First, bureaucrats are no less prone to poor judgment than politicians. As evidence, consider Siegal Sadetzki, part of the Netanyahu-led triumvirate that ran Israel’s initial response to the coronavirus. It’s unsurprising that Gur never mentioned Sadetzki even as he lauded the triumvirate’s third member, former Health Ministry Director General Moshe Bar Siman-Tov; she and her fellow Health Ministry staffers are a major reason why Israel still lacks a functional test-and-trace system.

Sadetzki, an epidemiologist, was the ministry’s director of public-health services and the only member of the triumvirate with professional expertise in epidemics (Bar Siman-Tov is an economist).

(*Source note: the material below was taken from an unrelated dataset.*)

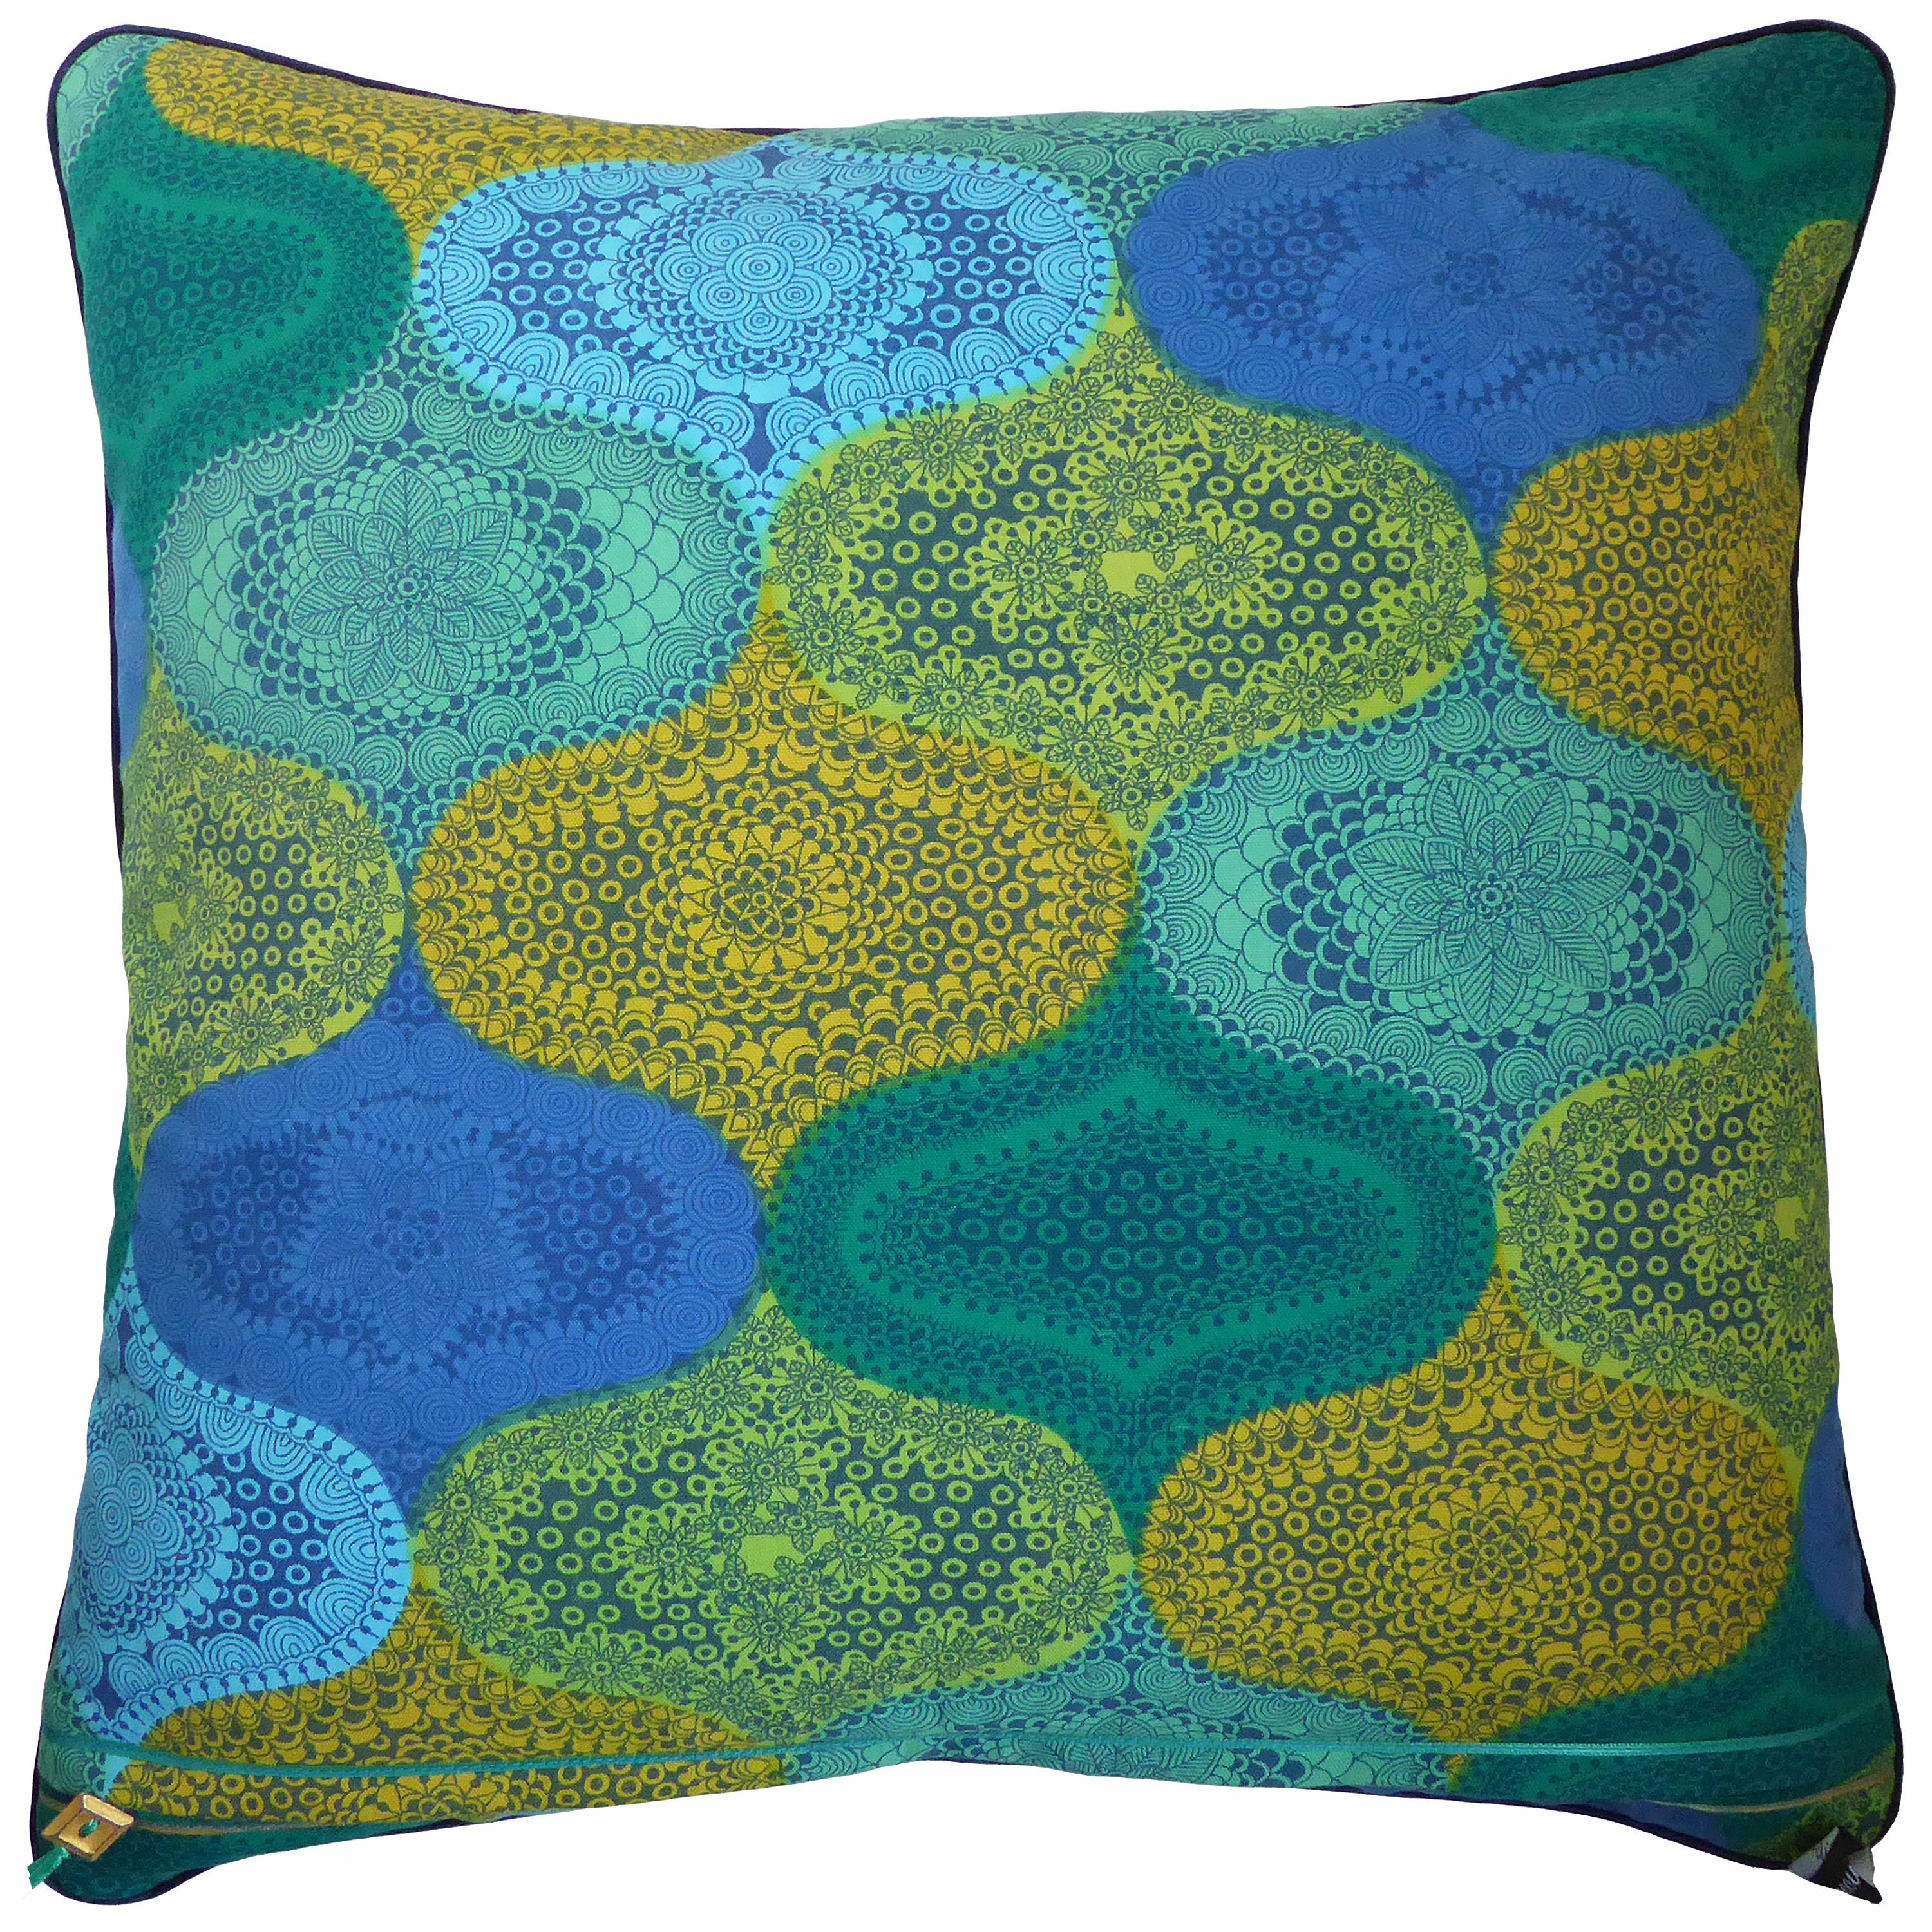 English ‘Vintage Cushions’ Luxury Bespoke-Made Pillow �‘Alhambra', Made in London

As such, her input was crucial. Yet she adamantly opposed expanding virus testing, even publicly asserting that “Too much testing will increase complacence.” She opposed letting organizations outside the public-health system do lab work for coronavirus tests, even though the system was overwhelmed. She opposed sewage monitoring to track the spread of the virus. And on, and on.

Moreover, even after acknowledging that test-and-trace was necessary, ministry bureaucrats insisted for months that their ministry do the tracing despite its glaringly inadequate manpower. Only in August was the job finally given to the army, which does have the requisite personnel. And the system still isn’t fully operational.